Introduction: Cyclin-dependent kinase 4 and 6 (CDK4/6) inhibitors, in combination with hormone therapy, are currently the standard treatment for hormone receptor–positive, HER2-negative (HR+/HER2−) metastatic breast cancer. Although their efficacy has been demonstrated in randomized clinical trials, real-world data remain limited, particularly in populations underrepresented in pivotal studies. The objective of this study was to evaluate, in a real-world setting, the efficacy and Tolerability of CDK4/6 inhibitors in patients with HR+/HER2− metastatic breast cancer. Methods: This was a retrospective study of patients admitted to the medical oncology department at CHU HASSAN II Hospital in Fès, who received CDK4/6 inhibitors for HR+/HER2− metastatic breast cancer over a six- Year period, from 2018 to 2023, regardless of the date of their first consultation.
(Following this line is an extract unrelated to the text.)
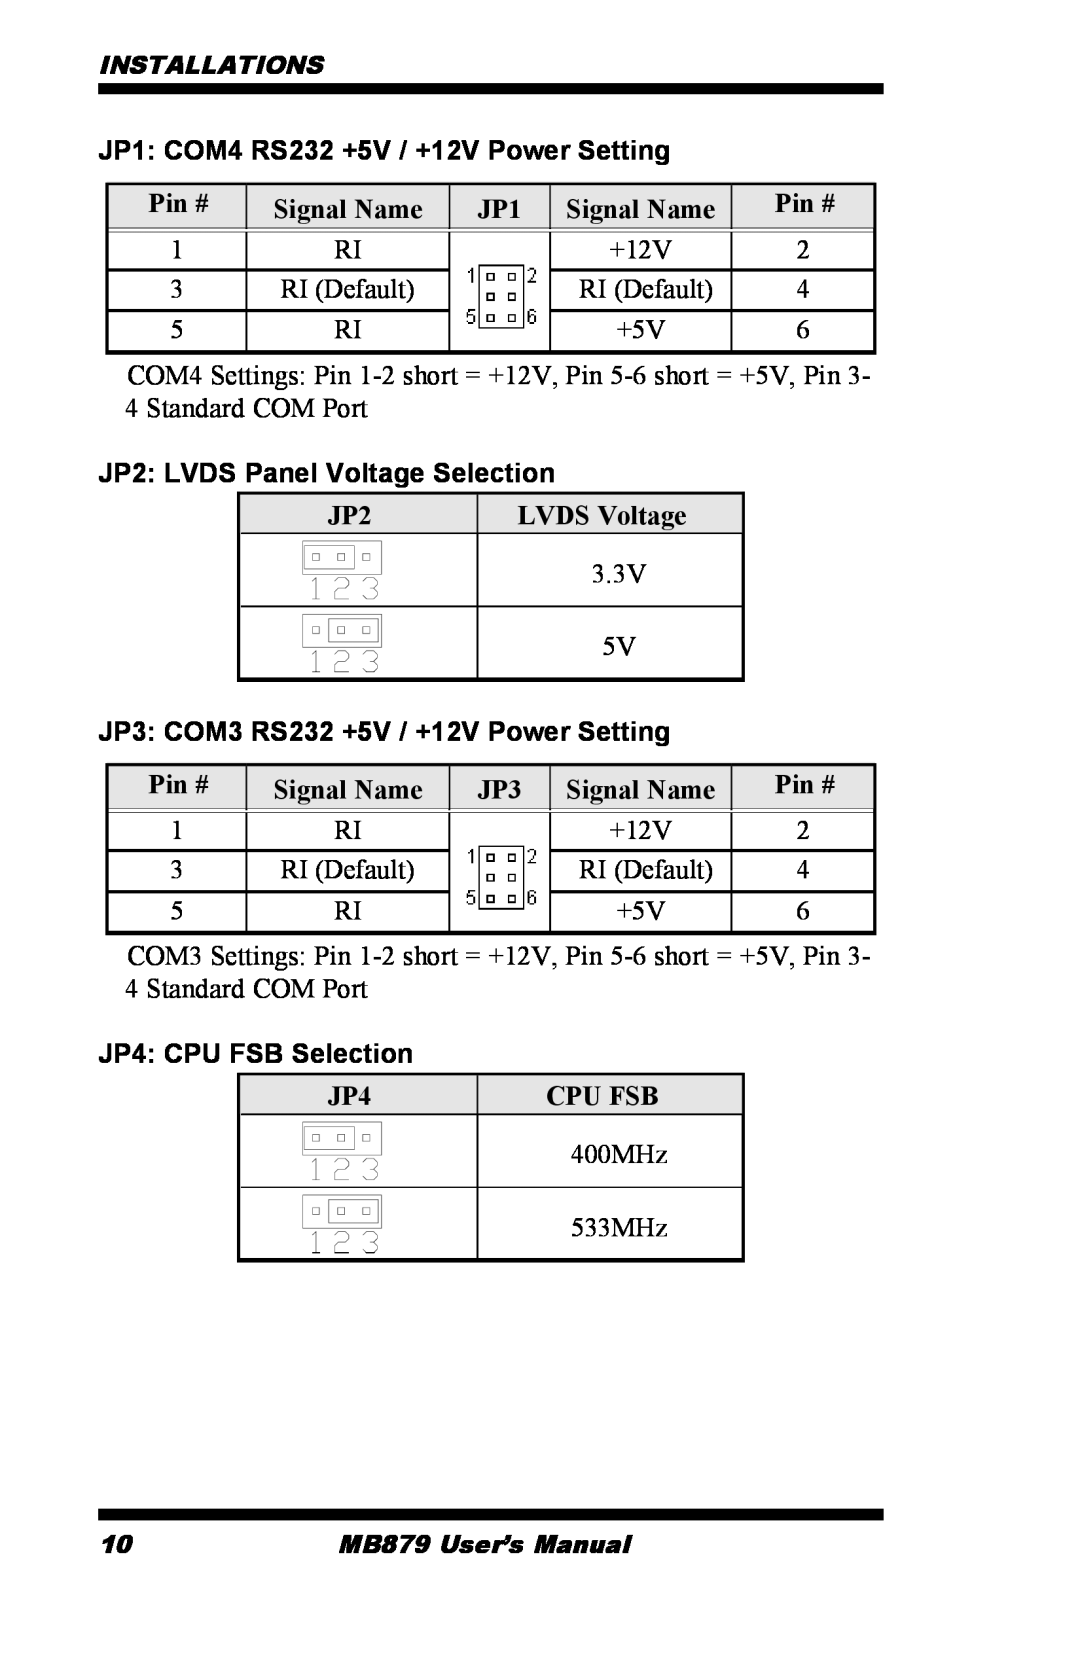 Intel MB879 user manual JP1 COM4 RS232 +5V / +12V Power Setting, JP2 LVDS Panel Voltage Selection, JP4 CPU FSB Selection

Results: Thirty-two patients were included in our study, of whom 54% were postmenopausal at diagnosis. The mean age was 52.42 years (range: 32–93), 19% had a family history of cancer, and 81% had an ECOG Performance status of 1. The most frequent metastatic site was bone, observed in 75% of patients— solitary in 6% and associated with other sites in 69%. Prior treatments had been administered to 56% of patients, including radical mastectomy (68%), adjuvant chemotherapy (28%), radiotherapy (62%), or adjuvant hormone therapy (100%). The hormone therapy administered was based on palbociclib and letrozole. CDK4/6 inhibitors were used as first-line therapy in 79% of patients and after prior Treatment in 21%. The mean follow-up duration was 38.4 months, with a mean progression-free Survival of 20.88 months. Neutropenia was the most frequently observed adverse event, followed by fatigue, anemia, rash, and thrombocytopenia. Neutropenia and thrombocytopenia were the most Severe side effects.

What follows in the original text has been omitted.